Try this now: Instead of thinking about your breath, see if you can simply feel it. Notice where you sense it most clearly – perhaps the coolness of air entering your nostrils, or the gentle rise and fall of your belly. No need to describe or analyse, just feel.
Don’t worry if you find yourself slipping back into describing mode – this is completely natural and happens to everyone. Simply notice when your mind starts narrating (“now I’m breathing in…”) and gently return to the felt experience. This noticing and returning is part of the practice, not a failure.
Practical Breathing Techniques
The Foundation Technique: Extended Exhale
This is your basic nervous system reset button. The key is making your exhale longer than your inhale.
- Breathe in for 4 counts
- Breathe out for 6 counts
- Repeat 5-10 times
The longer exhale activates your vagus nerve and signals safety to your system. You can adjust the counts to what feels comfortable – the ratio matters more than the specific numbers.
The Physiological Sigh
This technique, also known as the double inhale, is particularly useful when you’re feeling anxious or overwhelmed.
- Take two smaller inhales through your nose (in-in)
- Follow with one long exhale through your mouth (out)
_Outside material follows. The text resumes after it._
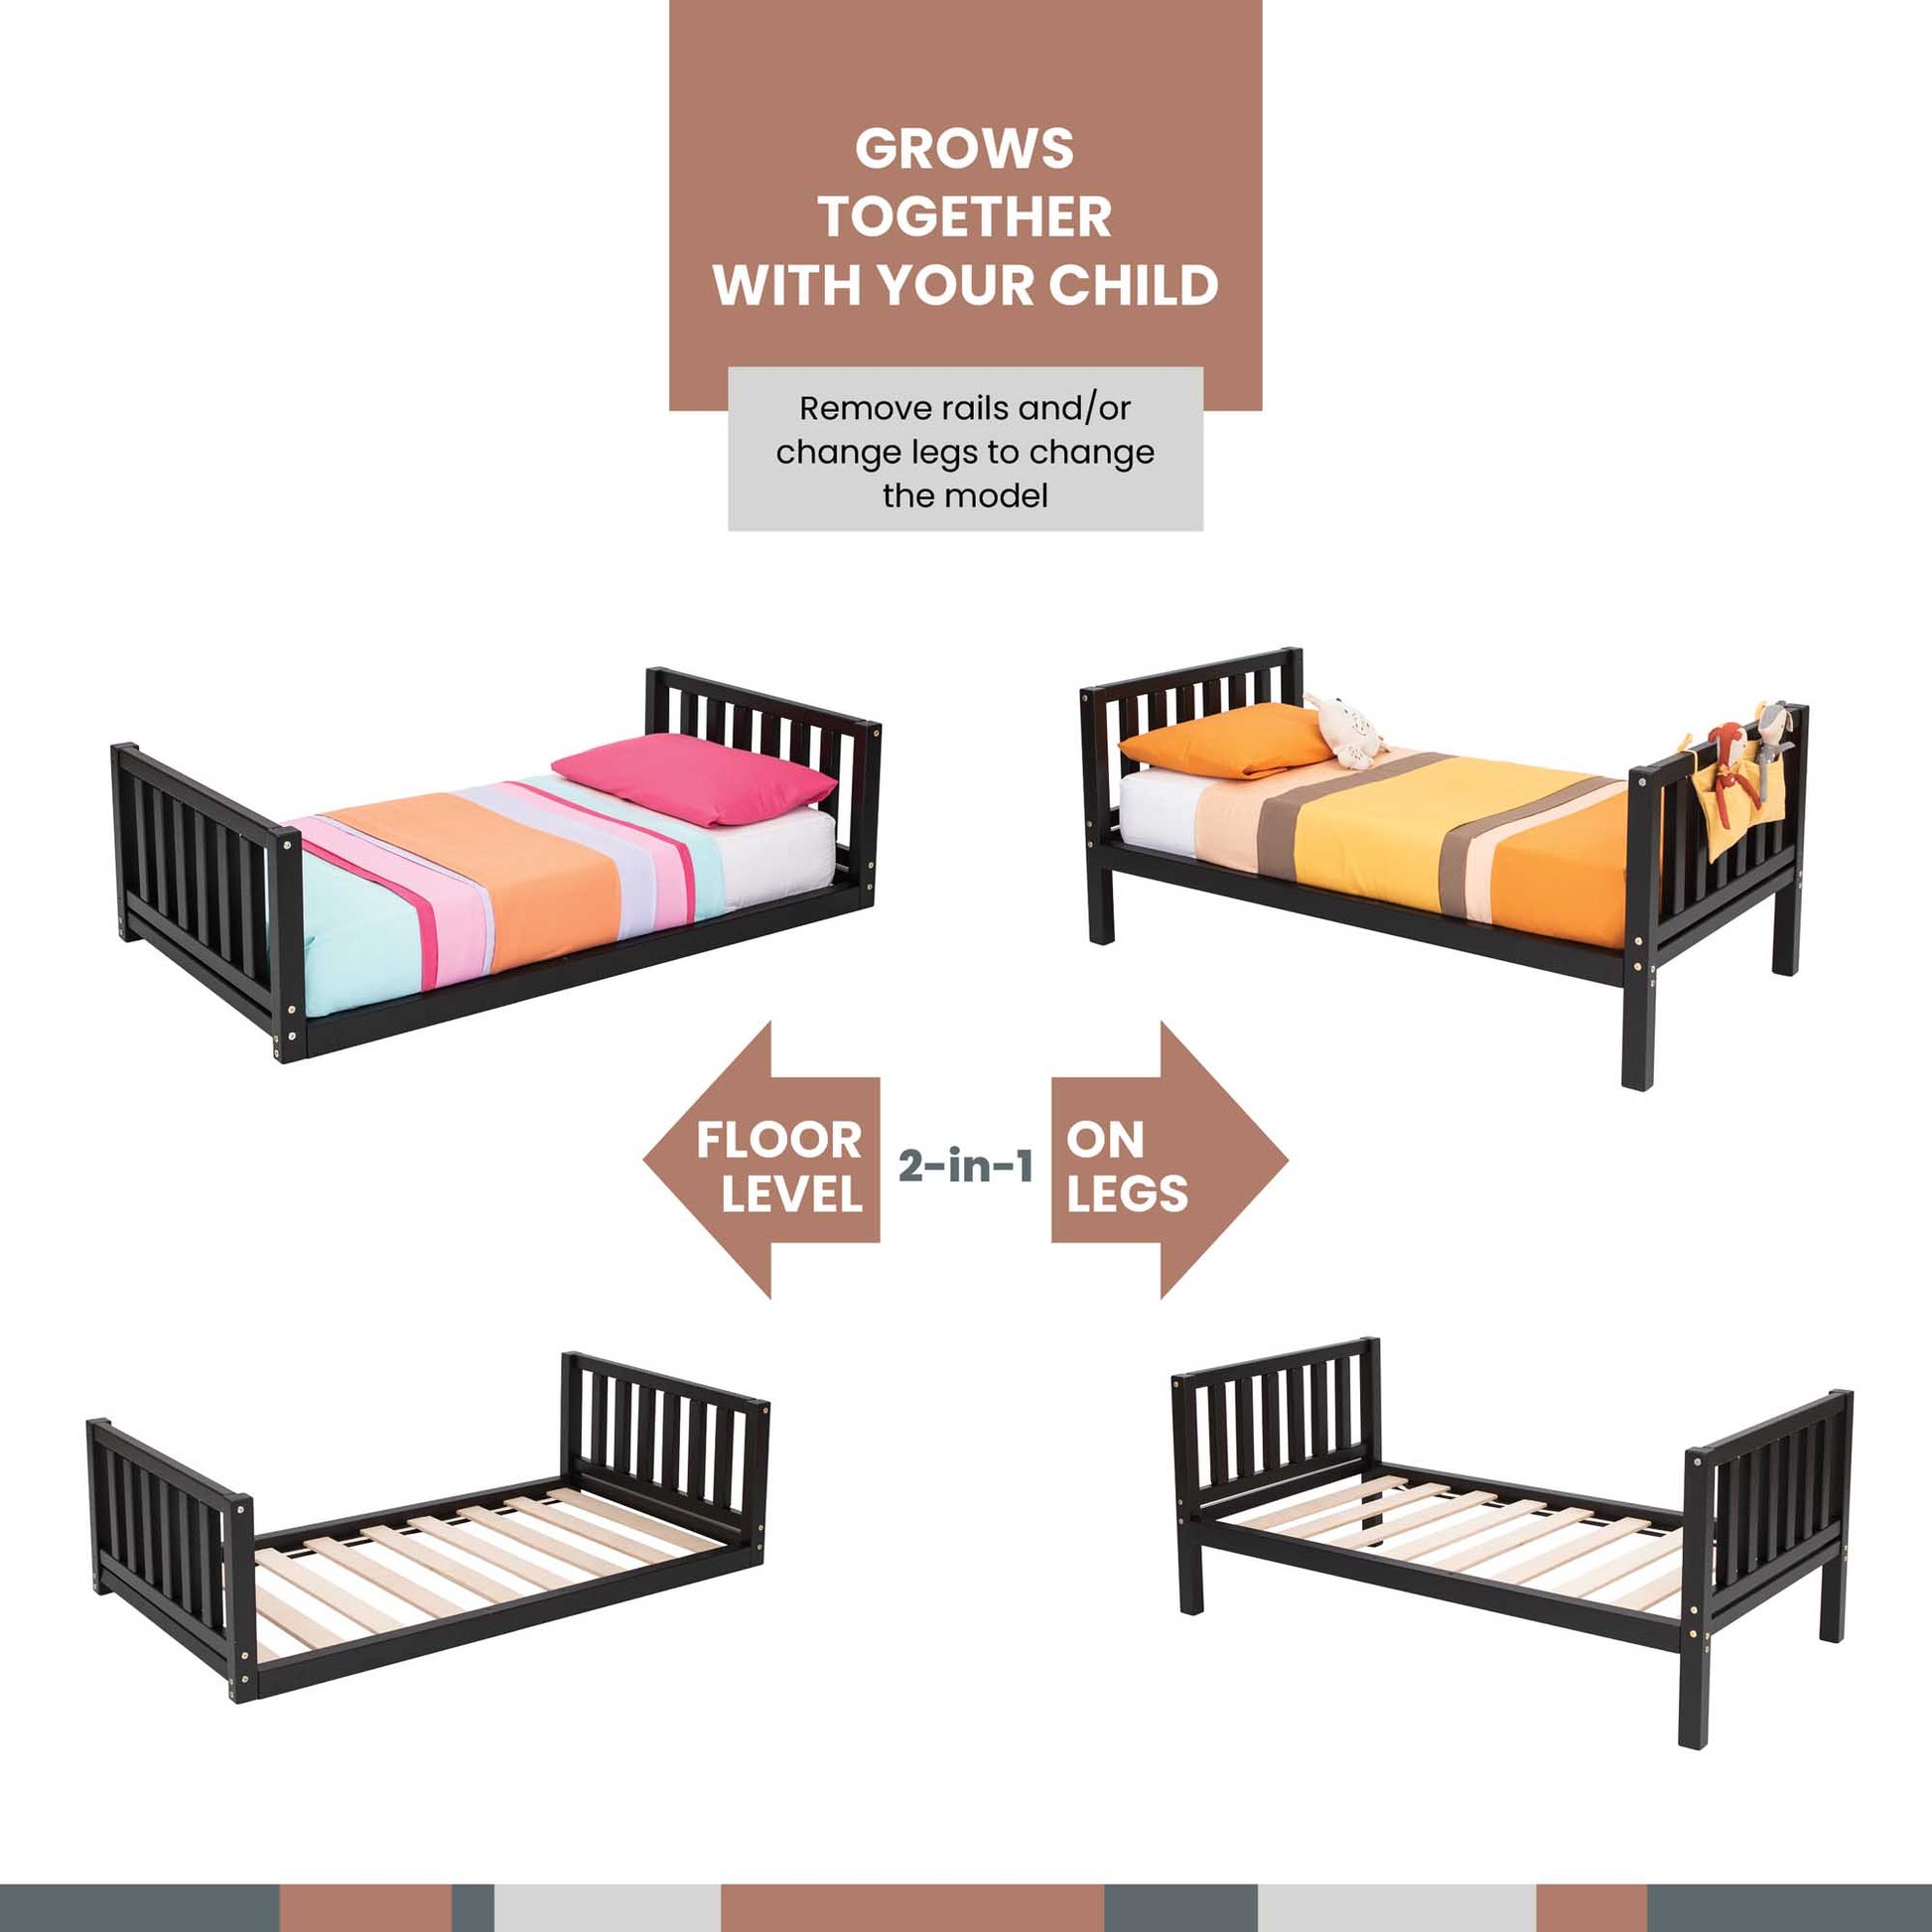 A poster showcasing the 2-in-1 kid's bed on legs with a vertical rail headboard and footboard, featuring options such as floor-level bed and crafted from either solid pine or birch wood.

- The exhale should be at least twice as long as the combined inhales
The double inhale helps fill your lungs more completely, while the long exhale provides maximum parasympathetic activation.
4-7-8 Breathing
This technique is excellent for falling asleep or deep relaxation.
- Inhale through your nose for 4 counts
- Hold your breath for 7 counts
- Exhale through your mouth for 8 counts
Alternate Nostril Breathing
This balancing technique comes from yoga traditions.
- Use your thumb to close your right nostril, inhale through your left
- Close your left nostril with your ring finger, release your thumb, exhale through your right
- Inhale through your right nostril
- Close your right nostril, release your left, exhale through your left
- This completes one cycle
Box Breathing (4-4-4-4)
Some people find the structure of this technique helpful, though it doesn’t work for everyone.
- Inhale for 4 counts
- Hold for 4 counts
- Exhale for 4 counts
- Hold empty for 4 counts
The key is keeping the counts equal and comfortable. Don’t strain – if 4 is too long, try 3 or even 2.
When Breathing Exercises Feel Uncomfortable
Some people find focused breathing exercises make them feel more anxious, not less. This is completely normal and doesn’t mean you’re doing it wrong.
If breathing exercises feel uncomfortable:
- Start with shorter sessions (30 seconds to 1 minute)
- Keep your eyes open rather than closed
- Focus on exhales only – don’t worry about controlling the inhale
- Try breathing with movement, like gentle walking
- Remember that feeling your breath, not controlling it, is often enough
Sometimes the best approach is simply becoming aware of your natural breathing rhythm without trying to change it at all.
Choosing Your Technique
Different techniques work better in different situations:
- Feeling panicked or overwhelmed: Physiological sigh (double inhale, long exhale)
- General stress or tension: Extended exhale (4 in, 6 out)
- Trouble sleeping or need deep relaxation: 4-7-8 breathing
- Want to build a daily practice or find balance: 5.5 second rhythm or alternate nostril
- Need structure and focus: Box breathing
- Struggling with breathing exercises: Just feeling your natural breath
Making It Practical
You don’t need to set aside special time for breathing (though you can). These techniques work in the moment:
- Before a difficult conversation
- When you notice tension building
- After an argument or stressful situation
- When you’re lying in bed with racing thoughts
- During your commute or while waiting
Remember, your breath is always with you. It’s the most accessible tool you have for communicating with your nervous system and finding your way back to calm.
The goal isn’t perfect breathing – it’s using your breath as a bridge back to your body and out of your worried thoughts. With practice, it becomes as natural as… well, breathing.